Unexpectedly, clocks relevant to time compensation in monarchs reside in the butterfly's antennae, not the brain [31], therefore opening new avenues to investigate neural and/or humoral pathways relaying timing information to the sun compass integration centre in the brain. Unlike autumn migrants and spring remigrants, summer monarchs do not exhibit oriented flight [32]. Antennal clocks in summer butterflies are, however, probably functional since rhythms of core circadian clock genes are found in the antennae of wild-type monarchs reared under summer-like conditions in the laboratory [25]. This observation indicates seasonal plasticity in the clock-compass network that could be altered in response to changes in photoperiod. With the advent of genome editing tools, tagging clock genes with fluorescent proteins in vivo is now feasible, and mapping the clock circuitry in the monarch brain and antennae should reveal neural correlates of time-compensation and degrees of plasticity between seasons.

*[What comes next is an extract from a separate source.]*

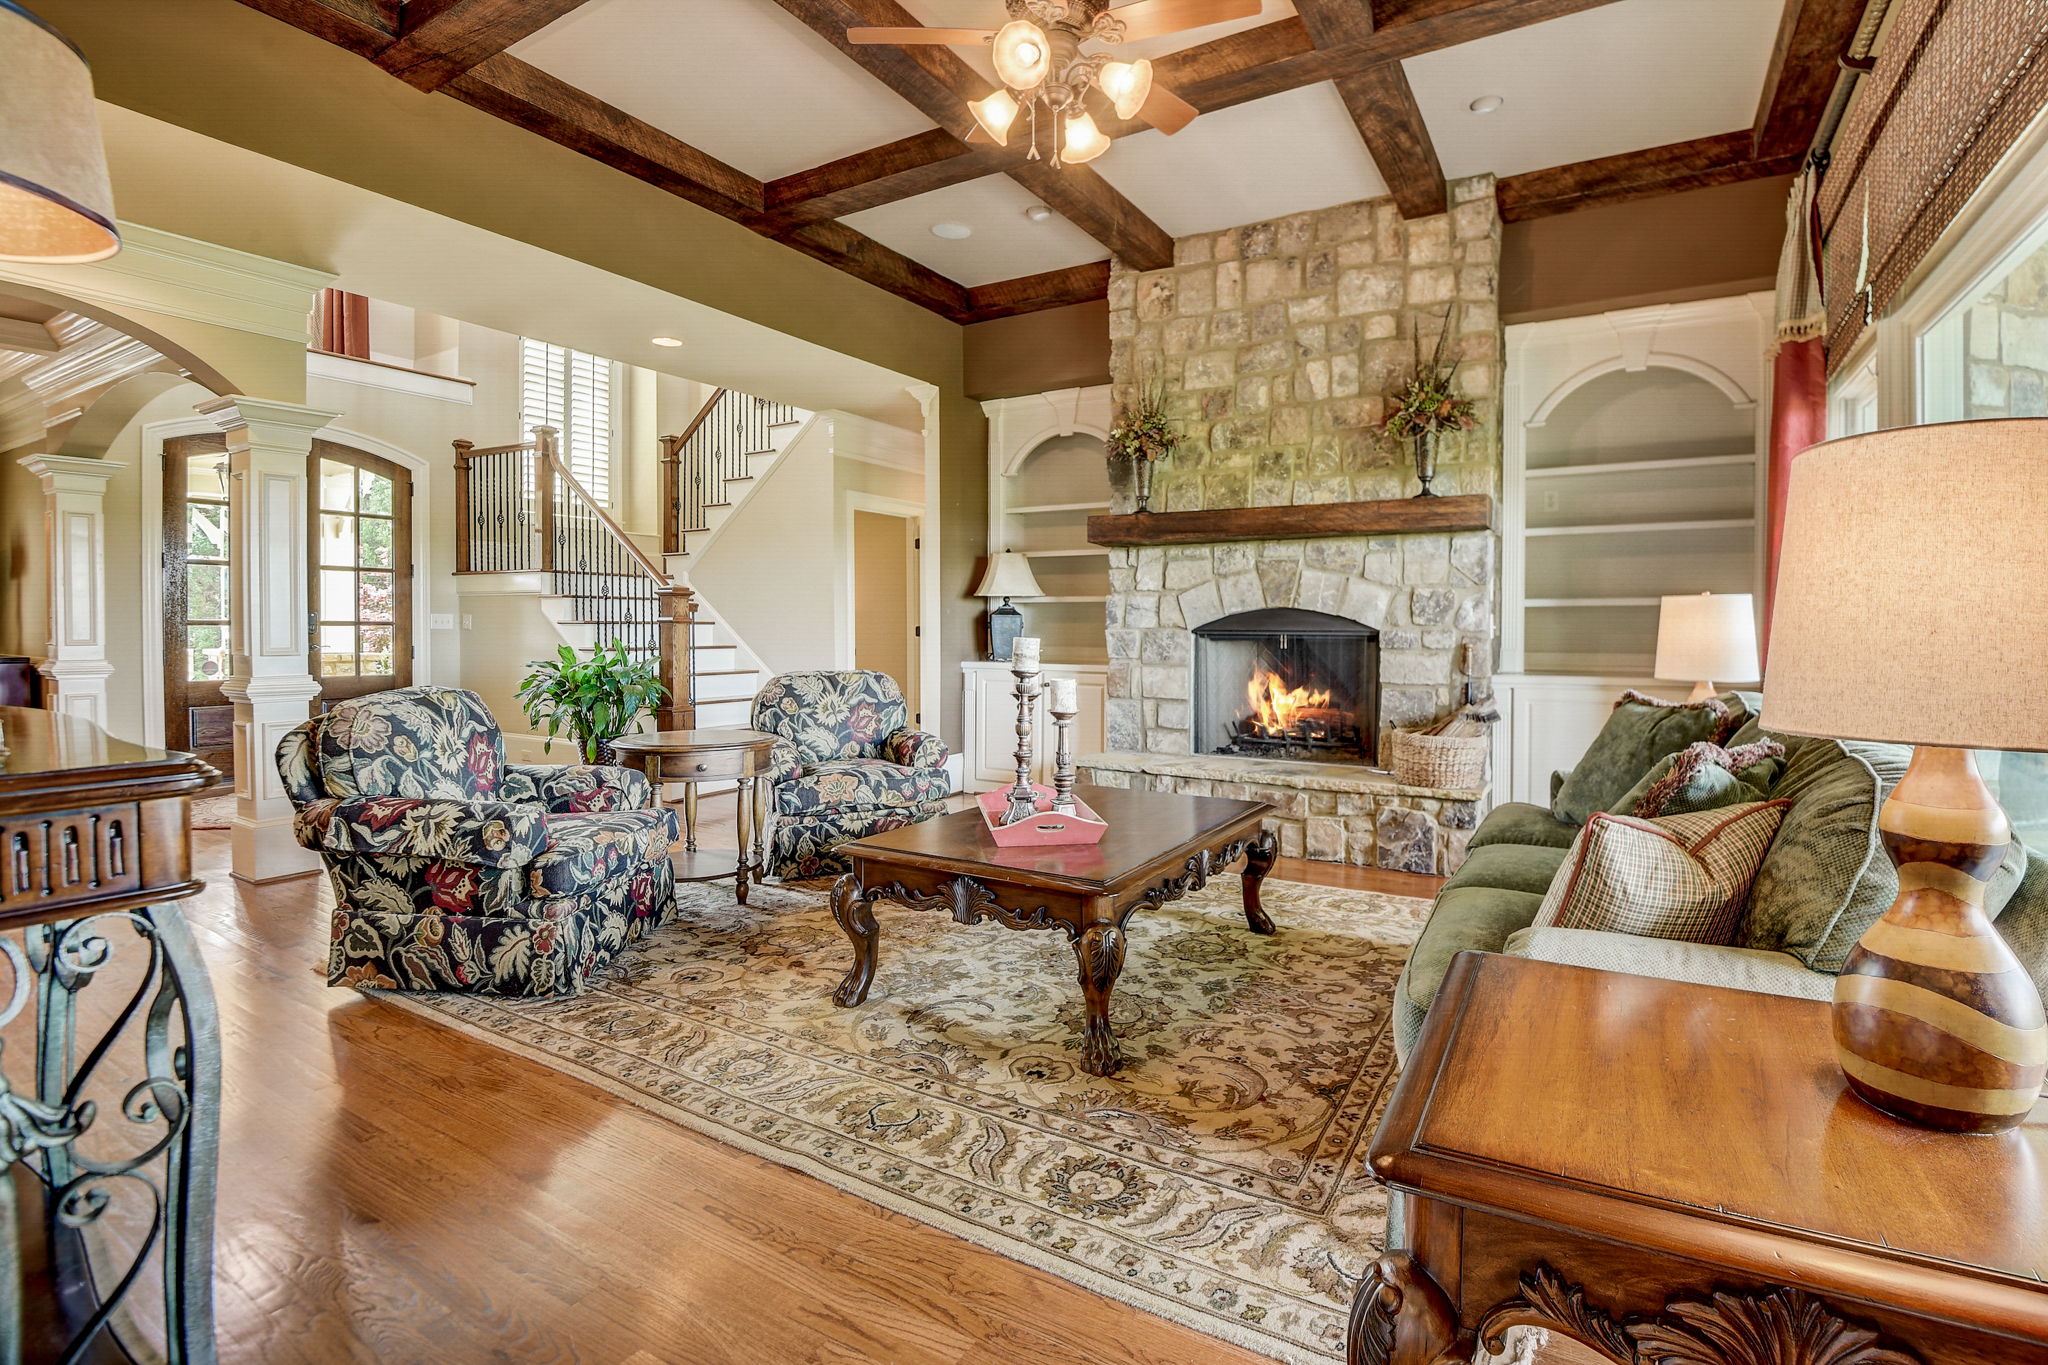 Spacious Living Room with Coffered Ceiling Made with REAL Cedar Beams, Stately Fireplace and Built-in's!
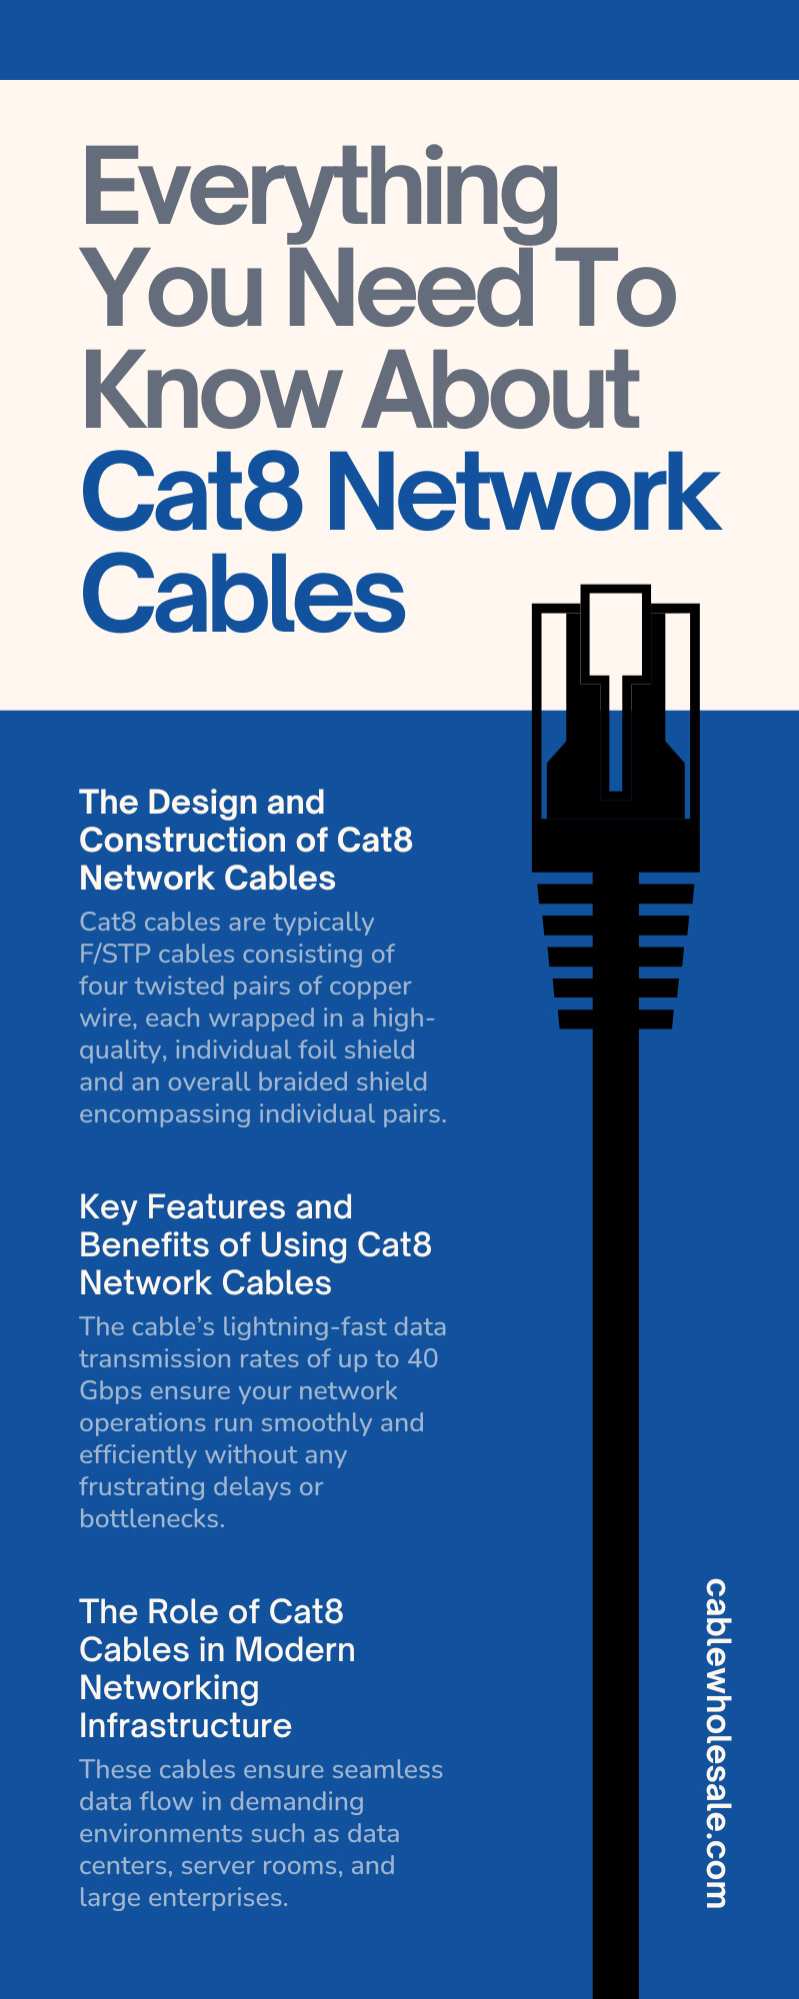 Everything You Need To Know About Cat8 Network Cables

(c). Tracking the seasons: from timekeeping mechanisms to migratory output
The precisely timed departure of migratory monarchs year after year from their breeding grounds in the autumn and from their overwintering sites in the spring strongly suggests that photoperiodic changes drive the migratory switch leading to reproductive diapause, increased lifespan and the urge to fly directionally. Monarch sightings throughout the United States documented by citizen scientists for more than a decade indicate that migrants in the autumn start travelling south (i.e. towards lower latitudes) when the photoperiod they experience is below a threshold (approx. 12.5 h of daylight; figure 1b). Whether migratory monarchs respond to decreasing daylengths or a certain threshold needs to be formally tested. With the availability of an artificial diet to raise monarchs from eggs to adults [25], testing which photoperiodic conditions induce diapause and flight orientation behaviour can now be accomplished.
How do monarchs sense photoperiodic change? Despite the need for migratory monarch populations to track seasons for entering diapause and engaging in migratory behaviour, little is known about how the timing mechanisms work. Evidence from other insect species suggests that circadian clocks or clock genes in the brain play a pleiotropic role in the photoperiodic timer responsible for diapause induction [5,8]. In monarchs, the only indication to date that circadian clock genes might be involved in diapause induction comes from a recent study of whole-genome sequencing of migratory and non-migratory monarch populations in which timeless (tim) and cullin-3, whose gene product controls TIM oscillations in Drosophila, were found among the genomic regions strongly associated with migration [33]. The advent of CRISPR/Cas9-mediated targeted mutagenesis in the monarch [26] makes it possible to knock out critical players of both the positive and negative arms of the circadian transcription-translation feedback loop (e.g. clock, bmal1, period, timeless and cryptochrome2). Subjecting knockouts to short and long photoperiods in the laboratory should help determine whether the circadian clock or individual clock genes are necessary for the induction of diapause and oriented flight behaviour exhibited by migratory butterflies.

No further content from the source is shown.